文字組まめ知識…級数計算Part1

  • 2013.02.23 Saturday
  • 14:17

 前々回,級数について書いた時に,級数は計算がしやすくてとっても便利だと書きました。

組版っていうお仕事にとっては,級数計算がしやすいということは本当にありがたいことです。

 

計算がしやすいと何故便利なのか?

組版用のアプリケーションというのは,ワープロソフトのように,新規書類を作れば文字を入力できる,ってものではなく,文字ボックス(テキストフレーム)と呼ばれる,文字を入力するための枠が必要です。

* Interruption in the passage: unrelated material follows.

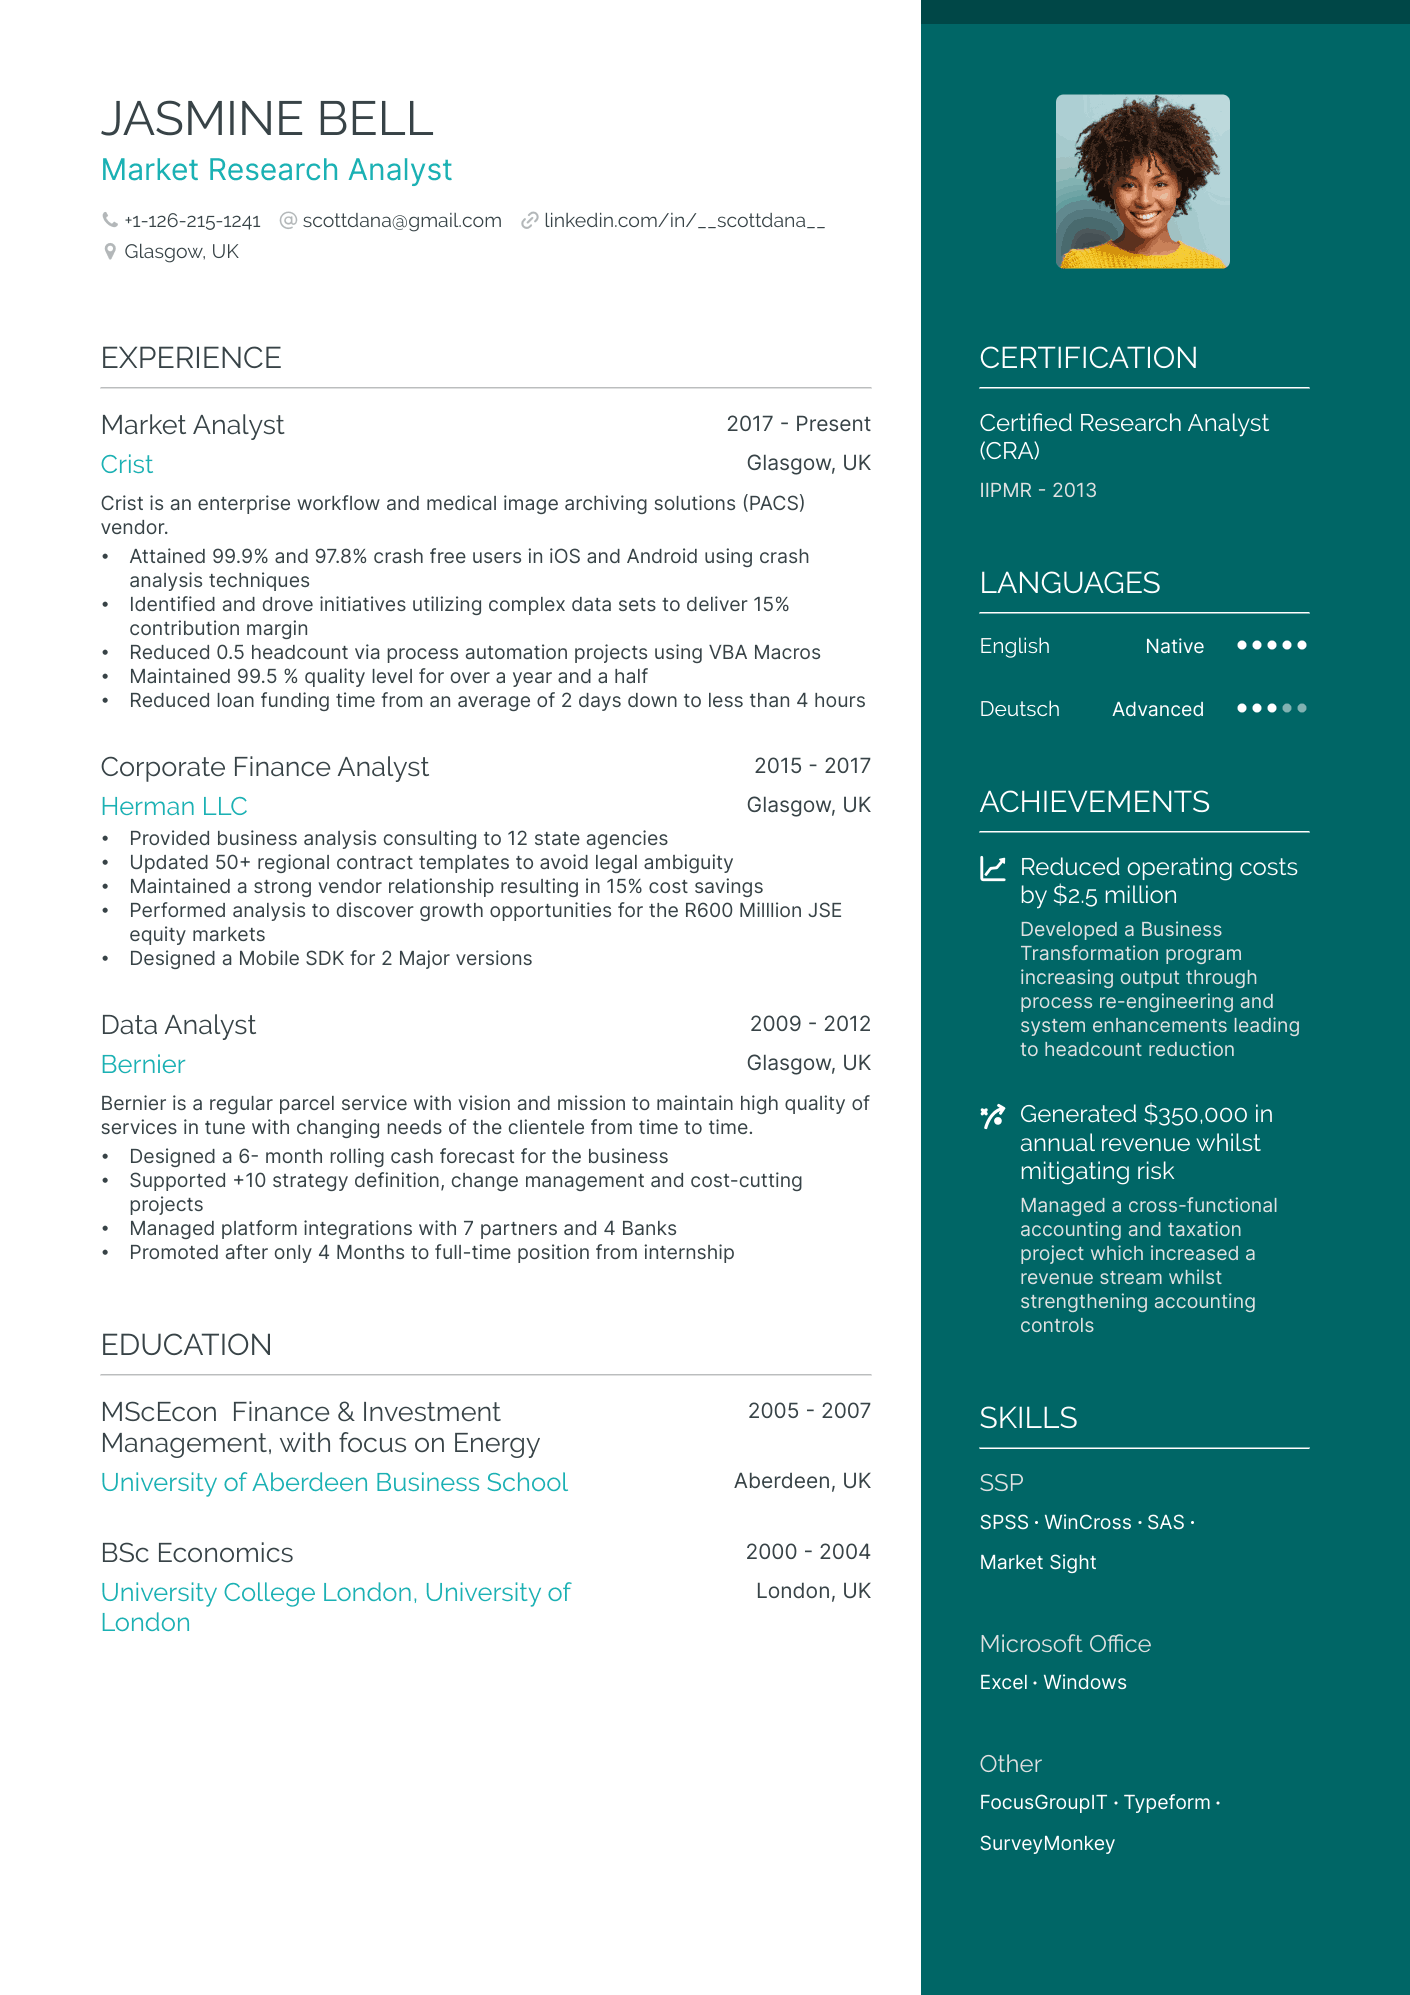 Market Research resume example

例えば,20級の文字を10文字1行入力するには,5mm×10=50ミリのボックスを作成しなければいけません。

 

08_01

 

それ以下の大きさだと,当然文字は入り切らないし。

 

08_02

 

かといって,適当に大きくして入力していくと,書類上に,むやみやたらに文字ボックスが重なって,収拾がつかなくなります。

 

08_03

 

お仕事ですから!

きちんとした数値で,文字ボックスを作成するためには,ちゃんと級数計算ができた方が良いです。

万が一,ミリで指定されている印刷物の文字をポイント組もうと思ったら,ポイントをインチに変換し,さらにミリに計算し直すっていう,めんどくさいことになりますし,その計算によって出た端数をどう処理するかっていう問題も発生します。

(もちろん,ページ全体をポイント計算で作成するお仕事なら問題はありませんが…)

だから,文字の単位が級数であるってのは,とってもありがたいことなのです。

 

横書きでは左から右へ,縦書きでは上から下への文字の,頭から頭までを字送りと言います。

 

08_04

 

字送りが級数どおりの数値(文字と文字を詰めたり,間を空けたりしない)の場合(ベタ送りと言う),その1行分の文字ボックスの大きさは,文字数×級数で計算します。

これが,級数計算の基本です。

 

では,次に,2行以上の文字ボックスの計算方法を書いてみましょう!

 

って思ったんですが…

とっても長くなるので,次回のテーマ,ということで…

 

「you-and-ku」でした。